Some more background
I tried to teach myself linear algebra, but I only covered the basics without much focus on statistical applications, so I don’t fully understand all the details yet. But the basic idea is that the sampling variance of a linear combination is given by:
\[\text{Var}(c^T X) = c^T \Sigma c,\]
where \(c\) is the contrast vector and \(\Sigma\) the covariance matrix. When you check this formula using a simple t-test example, it actually works out as expected.
Means vector:
\[ \bar{\mathbf X} = \begin{bmatrix} \bar X_A\\[4pt] \bar X_B \end{bmatrix} = \begin{bmatrix} 10\\[4pt] 12 \end{bmatrix}. \] Covariance:
\[ \Sigma = \begin{bmatrix} \mathrm{Var}(\bar X_A) & \mathrm{Cov}(\bar X_A,\bar X_B)\\[6pt] \mathrm{Cov}(\bar X_B,\bar X_A) & \mathrm{Var}(\bar X_B) \end{bmatrix} = \begin{bmatrix} 0.1333 & 0.1667\\[6pt] 0.1667 & 0.3000 \end{bmatrix}. \]
Contrast vector:
\[ \mathbf c = \begin{bmatrix} 1\\[4pt] -1 \end{bmatrix}. \]
Mean Difference:
\[ \hat D = \mathbf c^\top \bar{\mathbf X} = \begin{bmatrix} 1 & -1 \end{bmatrix} \begin{bmatrix} 10\\[4pt] 12 \end{bmatrix} = -2. \] Variance of Mean Difference:
\[ \mathrm{Var}(\hat D) = \mathbf c^\top \Sigma \mathbf c = \begin{bmatrix} 1 & -1 \end{bmatrix} \begin{bmatrix} 0.1333 & 0.1667\\[4pt] 0.1667 & 0.3000 \end{bmatrix} \begin{bmatrix} 1\\[4pt] -1 \end{bmatrix}. \]
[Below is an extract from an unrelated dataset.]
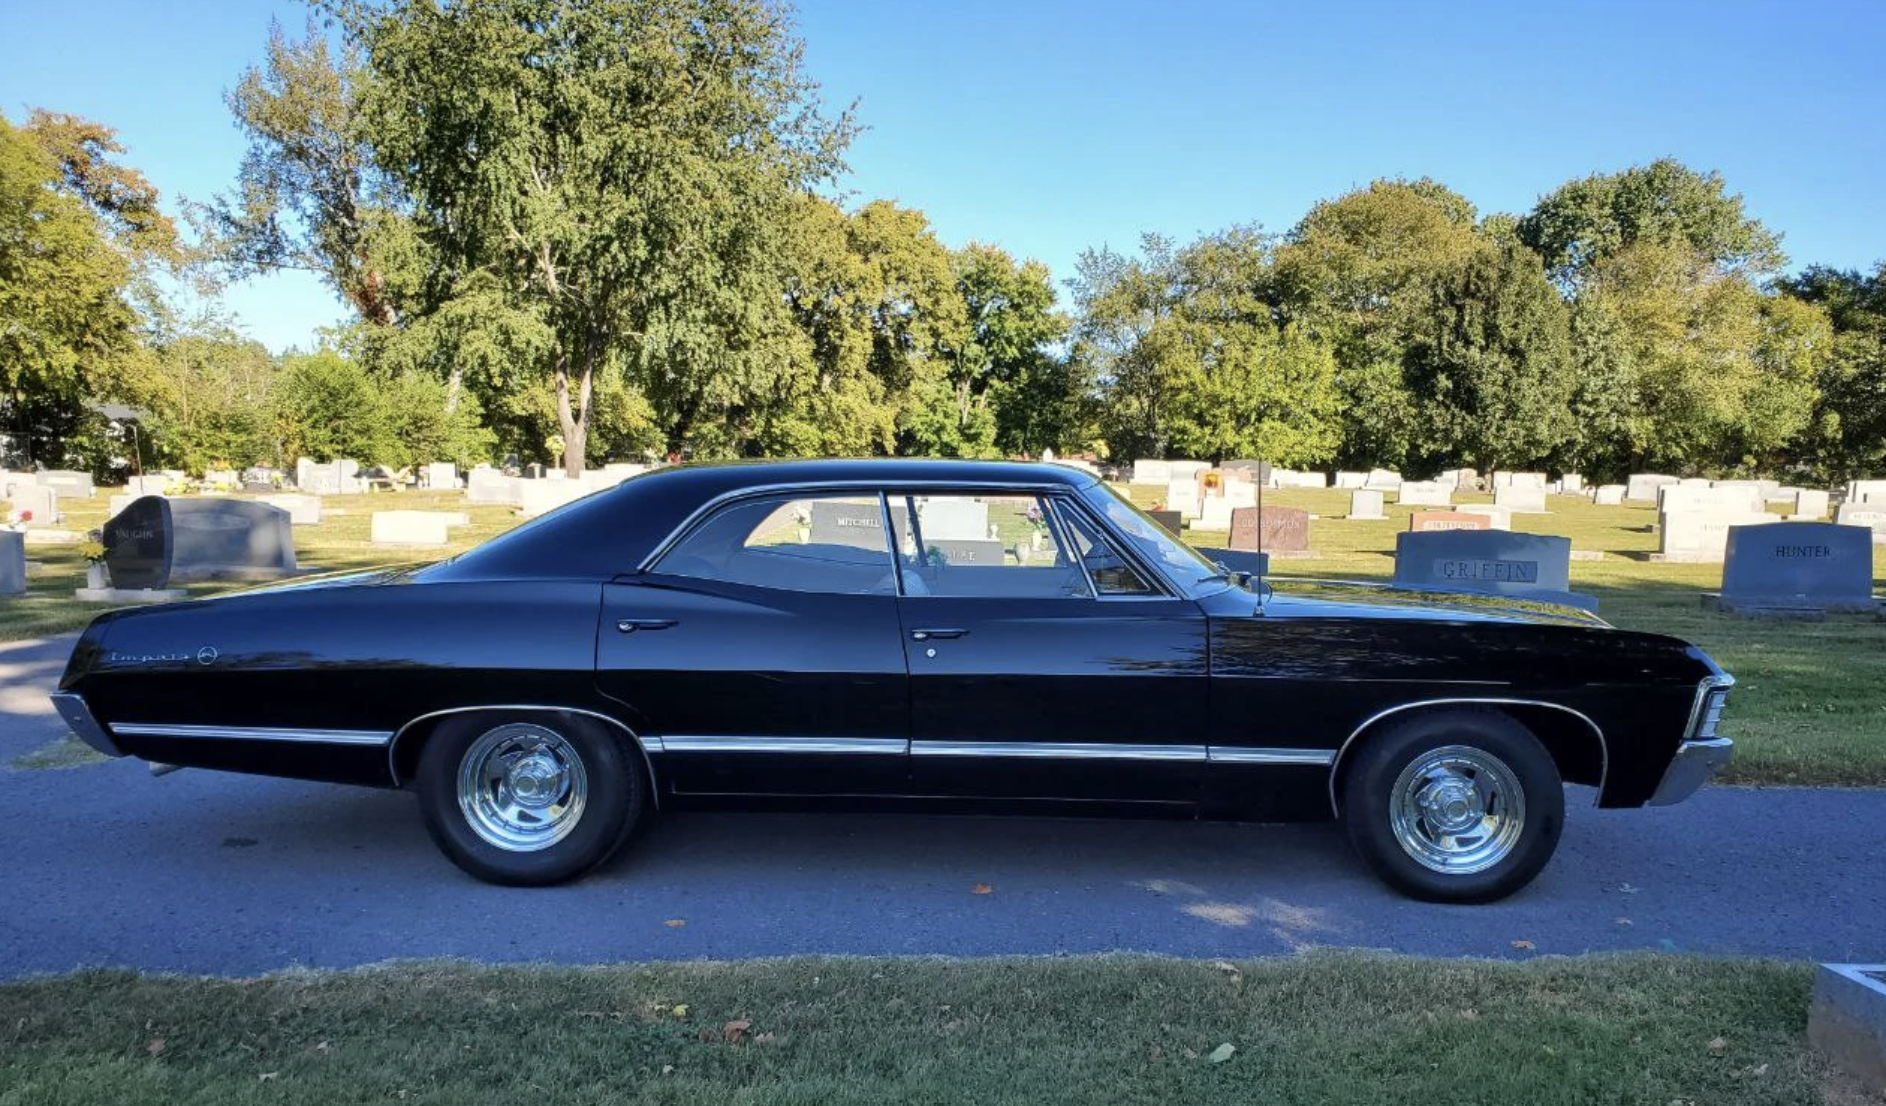 Chevy Impala 67 - Supernatural.

\[ \Sigma \mathbf c = \begin{bmatrix} 0.1333 - 0.1667\\[4pt] 0.1667 - 0.3000 \end{bmatrix} = \begin{bmatrix} -0.0334\\[4pt] -0.1333 \end{bmatrix}, \qquad \mathbf c^\top (\Sigma \mathbf c) = -0.0334 + 0.1333 = 0.10. \]
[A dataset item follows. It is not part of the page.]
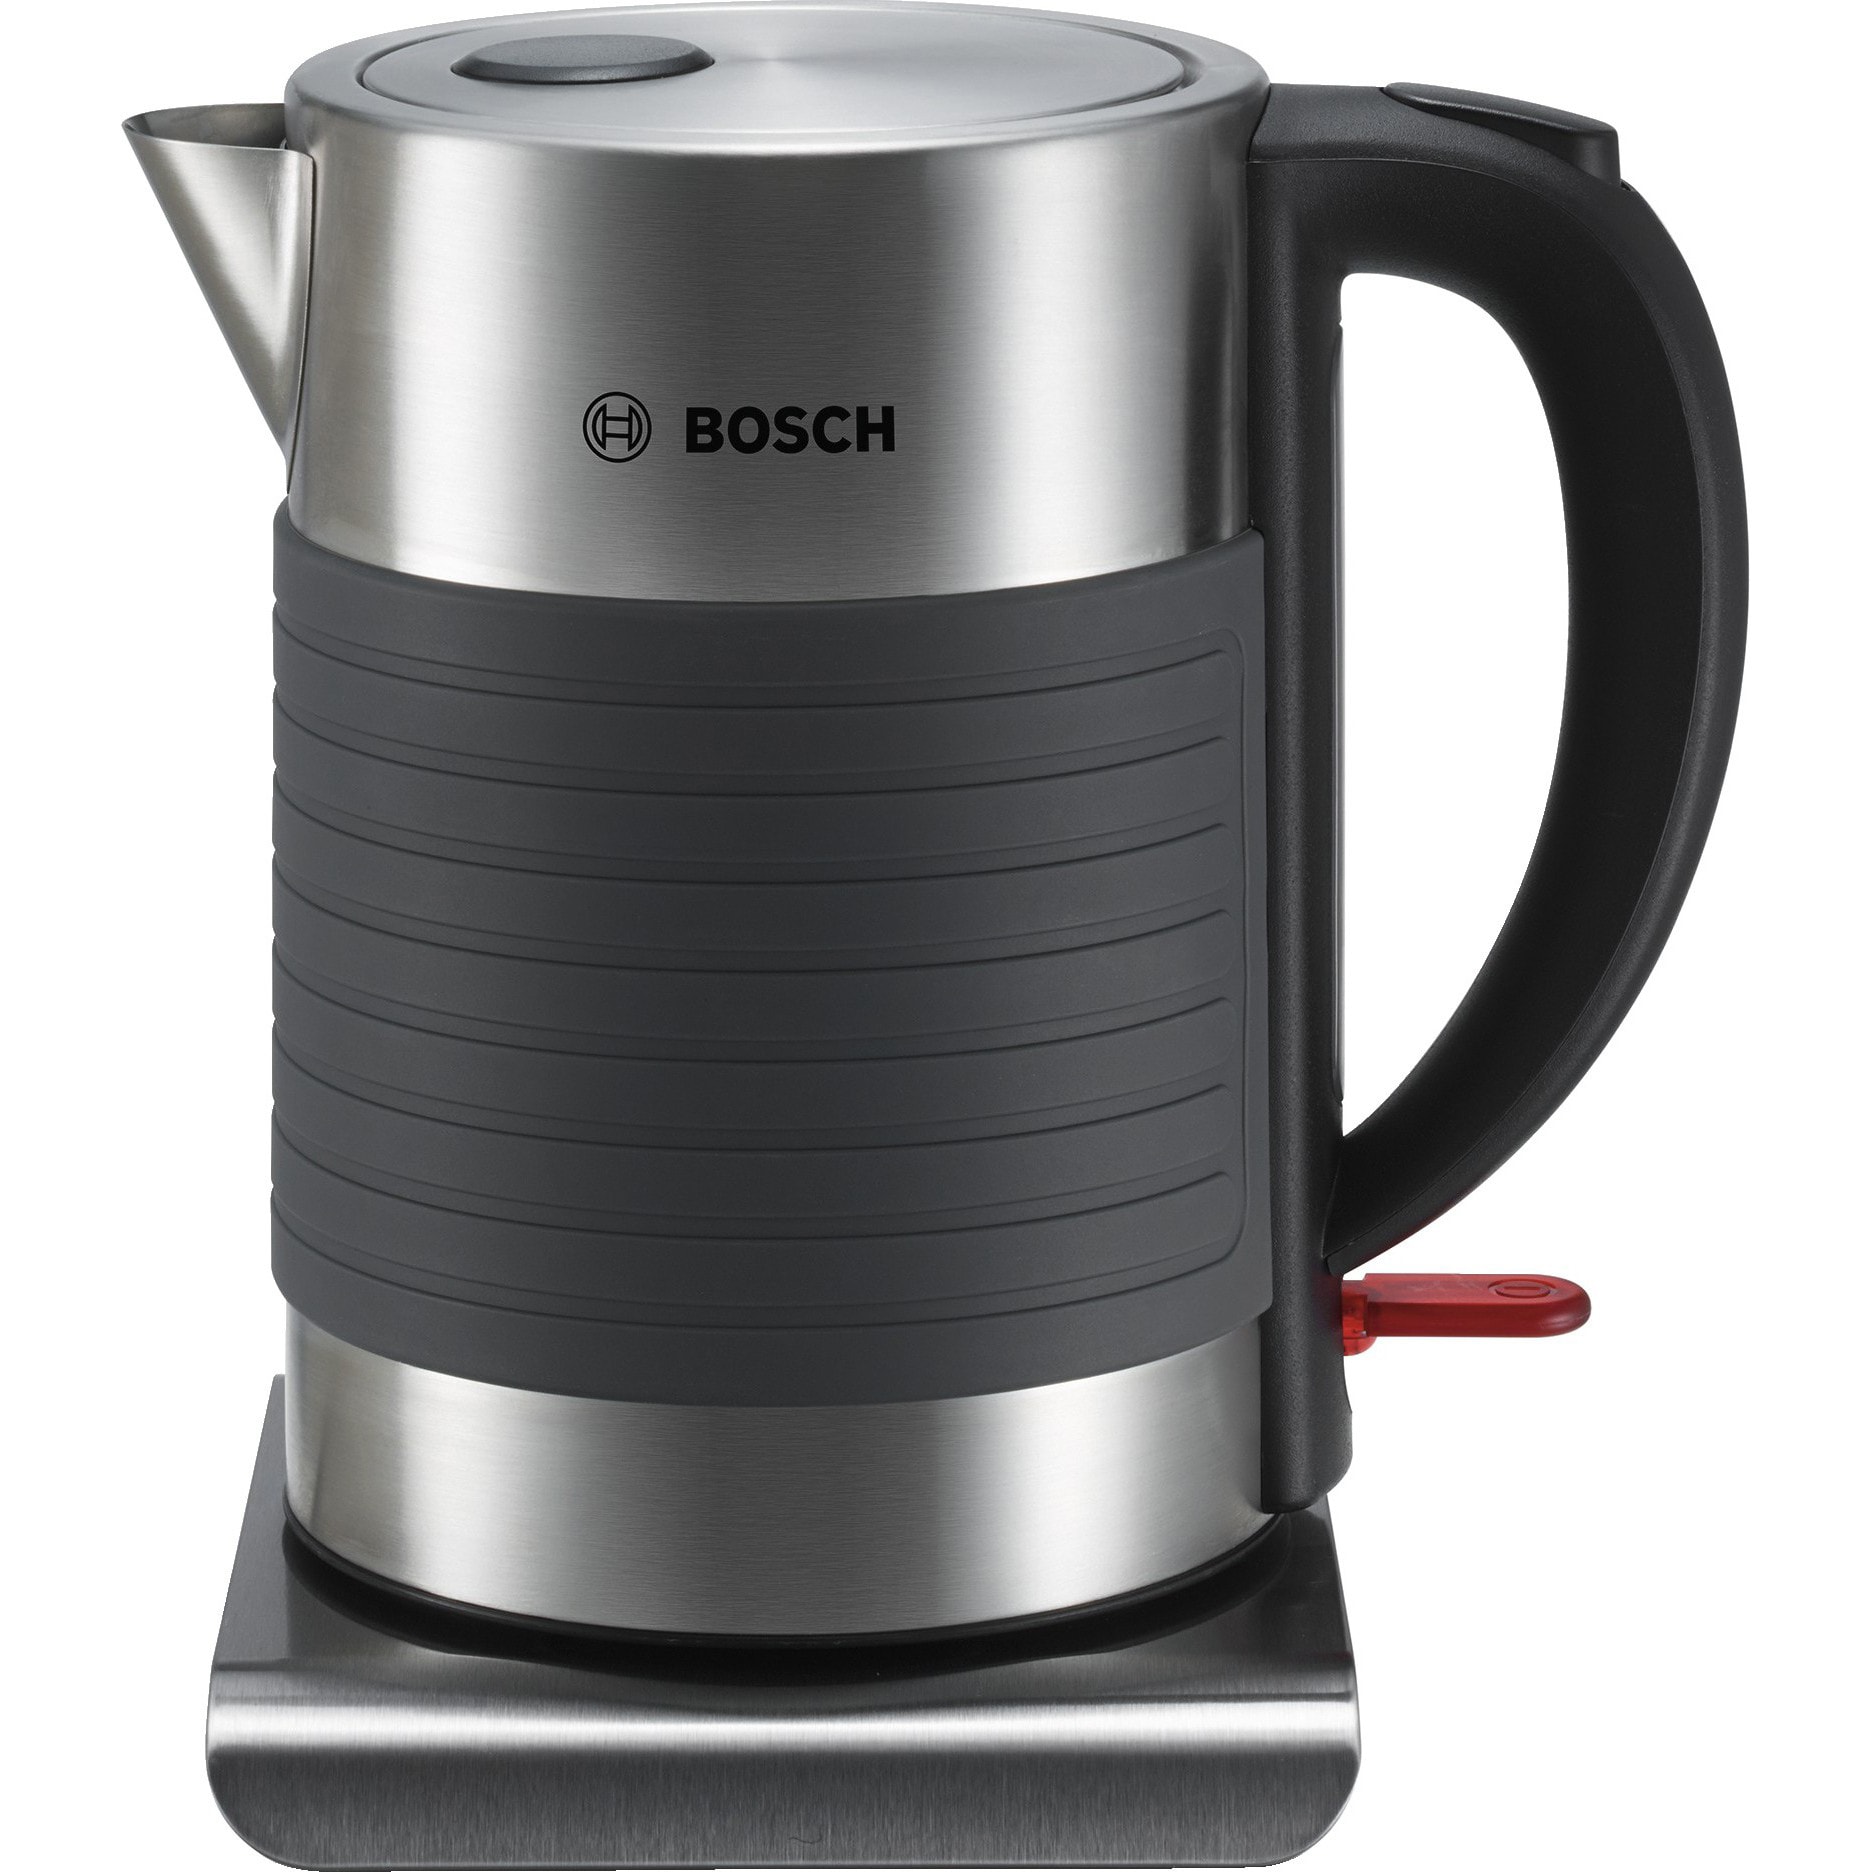 Bosch elkedel TWK7S05 - grå | Elgiganten

\[ \mathrm{SE}(\hat D) = \sqrt{\mathbf c^\top \Sigma \mathbf c} = \sqrt{0.10} = 0.316. \] t-value:
\[ t = \frac{\mathbf c^\top \bar{\mathbf X} - 0}{\sqrt{\mathbf c^\top \Sigma \mathbf c}} = \frac{-2}{0.316} = -6.33. \]
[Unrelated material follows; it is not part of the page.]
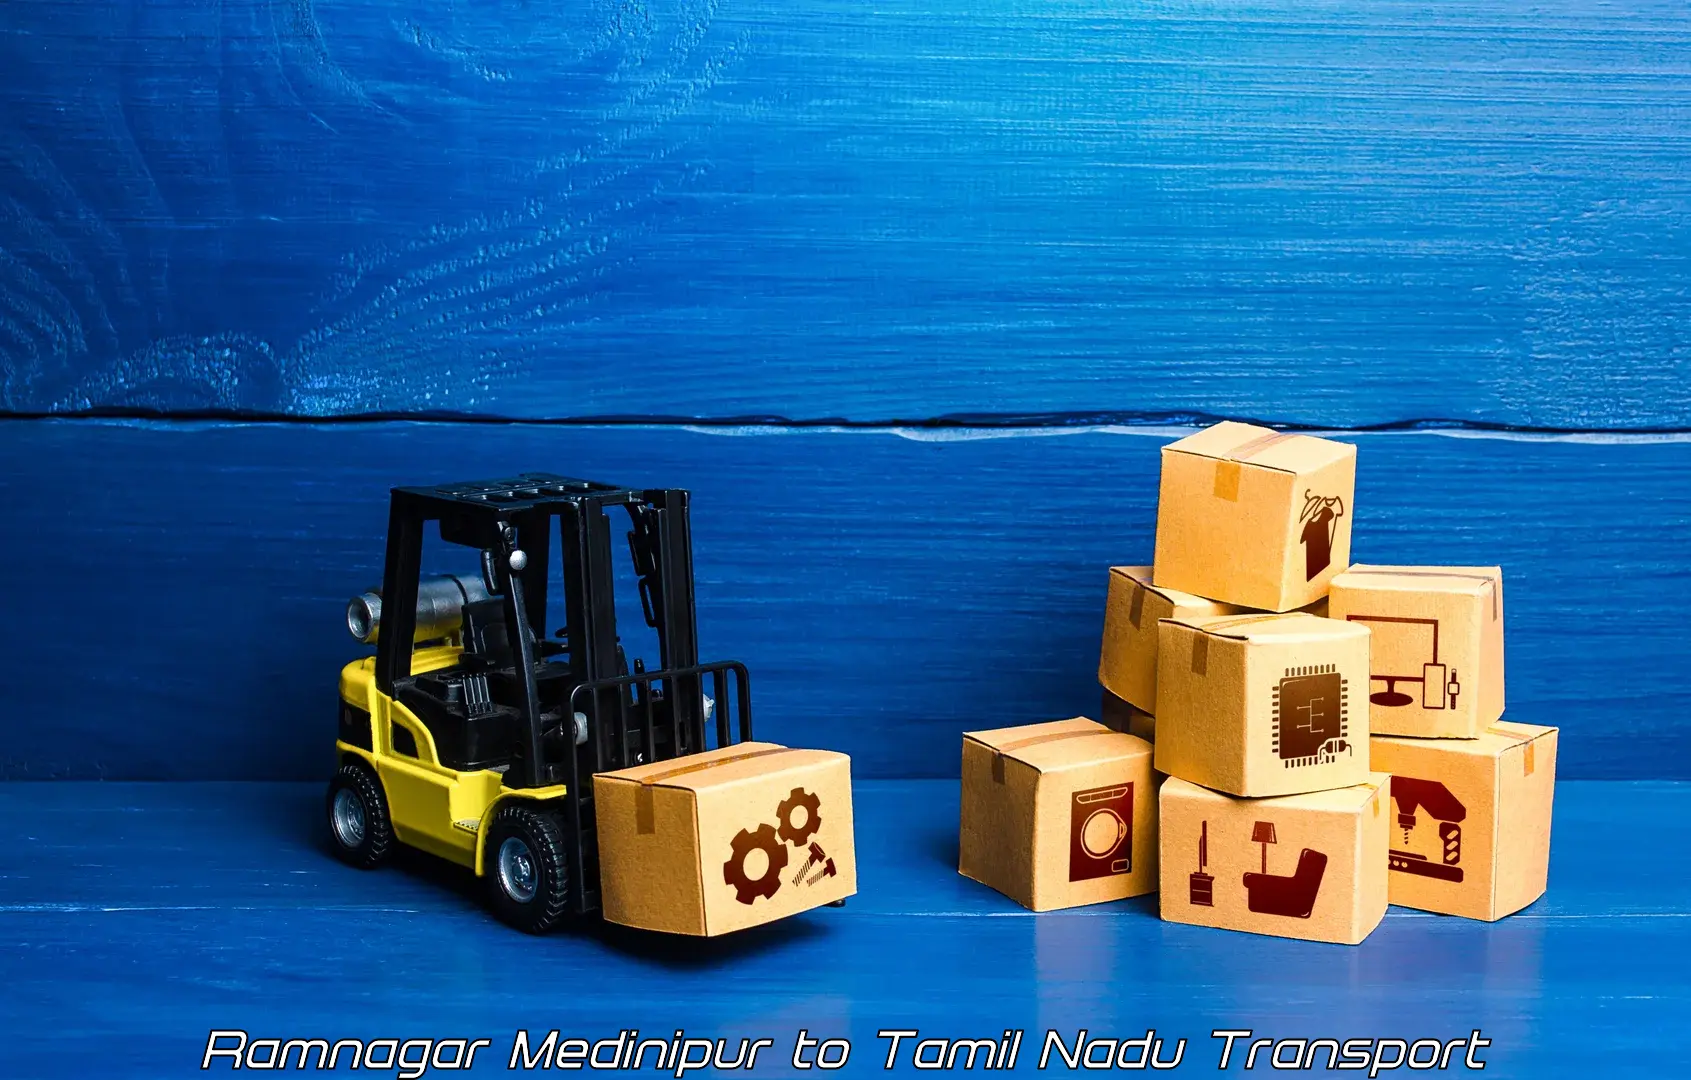 Transport in sharing in Ramnagar Medinipur to Tamil Nadu

The interesting feature of the weight matrix is its general applicability. In a purely between-subjects design, the weight matrix will have nonzero entries only along the diagonal. While covariances may not always be exactly zero, the pairwise sample sizes for between-subject comparisons are zero, so off-diagonal weights do not contribute. In a within-subjects design, both the covariance matrix and the sample-size matrix typically contain nonzero entries throughout. In mixed designs, some covariances are zero while others are not. This flexibility makes the weight matrix a powerful tool for a wide range of experimental designs.